Stewardship

Report Shellfish Poaching

Long Island's bays are protected by a thin line of bay constables, DEC officers, and tip lines. If you witness illegal harvesting, harvesting from closed waters, or undersized takes — say something. One call protects the resource for everyone.

In Progress Right Now

1-844-DEC-ECOS

NYSDEC 24-hour Environmental Conservation Police hotline

Who To Call

Reporting Channels

Town Bay Constables

Daylight patrols + on-call response

First call for activity inside town waters: shellfish bed violations, permit fraud, and after-dark harvesting. Each Long Island town runs its own marine enforcement unit.

U.S. Coast Guard — Sector Long Island Sound

24 hours / 7 days

For incidents in federal waters, large-vessel commercial poaching, or anything involving safety at sea.

NYSDEC Marine Resources — Region 1

Mon–Fri, business hours

Non-emergency tips, questions about closed shellfish areas, and follow-up on prior reports.

Before You Call

What To Observe

The more specific the tip, the more likely an officer can intercept the activity. Stay on shore or in your own boat — never approach poachers directly.
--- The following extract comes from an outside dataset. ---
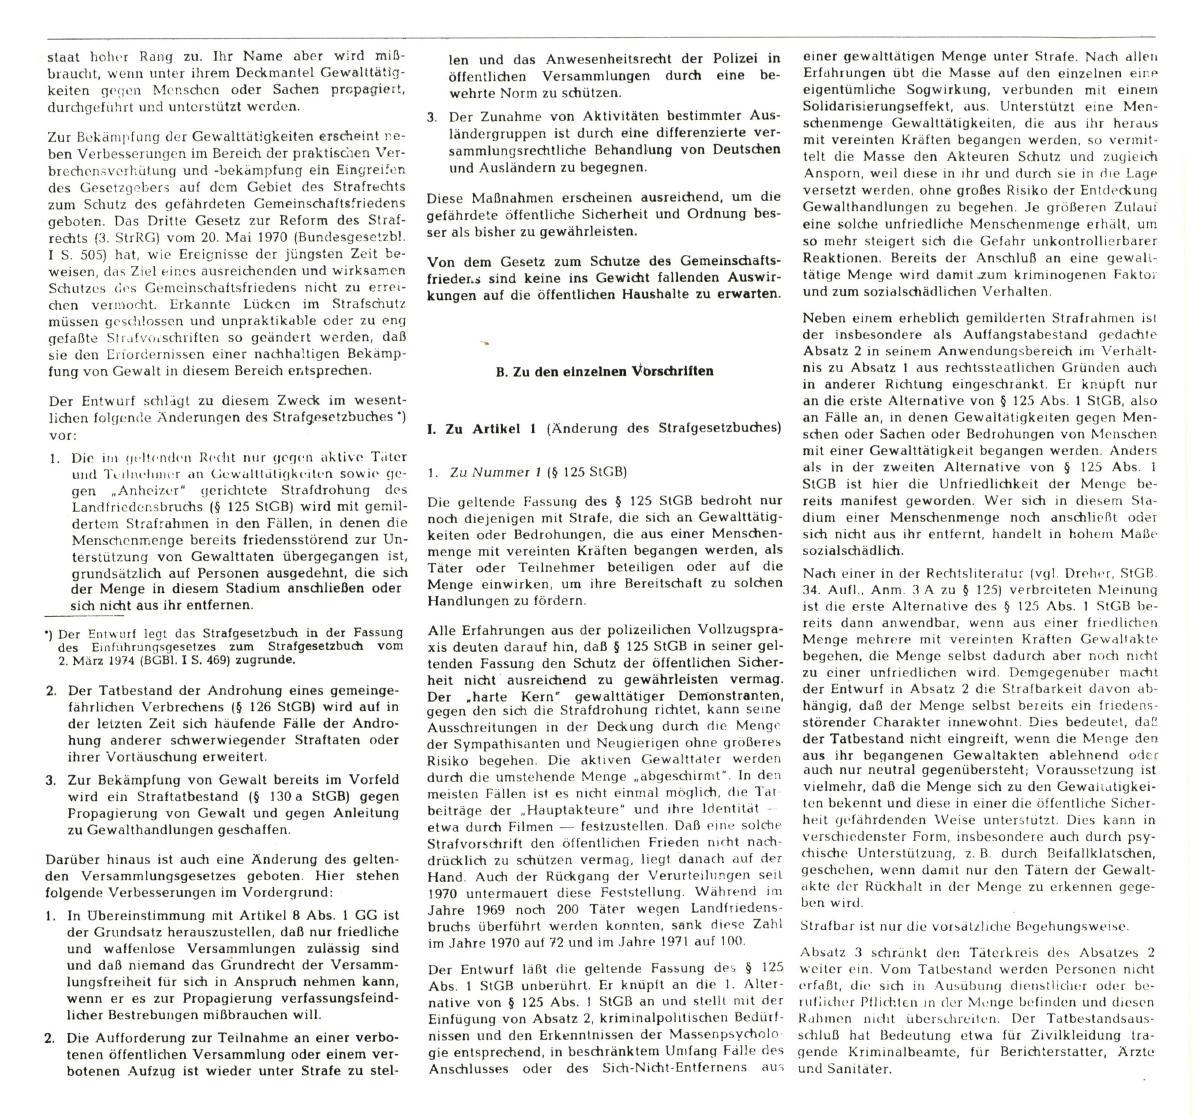 REP_VLB_1976_Die_Zensurgesetze_53

  • 1Date, time, and exact location (GPS coordinates or landmarks).
  • 2Vessel name, hull color, and registration number (NY-####-XX).
  • 3Number of people on board and what gear they're using.
  • 4Estimated quantity and species being harvested.
  • 5Direction of travel when leaving the area.
  • 6Photos or video — from a safe distance, never confront.

Why It Matters

Shellfish poaching isn't a minor offense — it removes brood stock, breaks closure protections that keep contaminated product off plates, and undercuts the legal growers who pay for leases, permits, and bay restoration. Every confirmed report helps protect the public, the bays, and Long Island's working waterfront.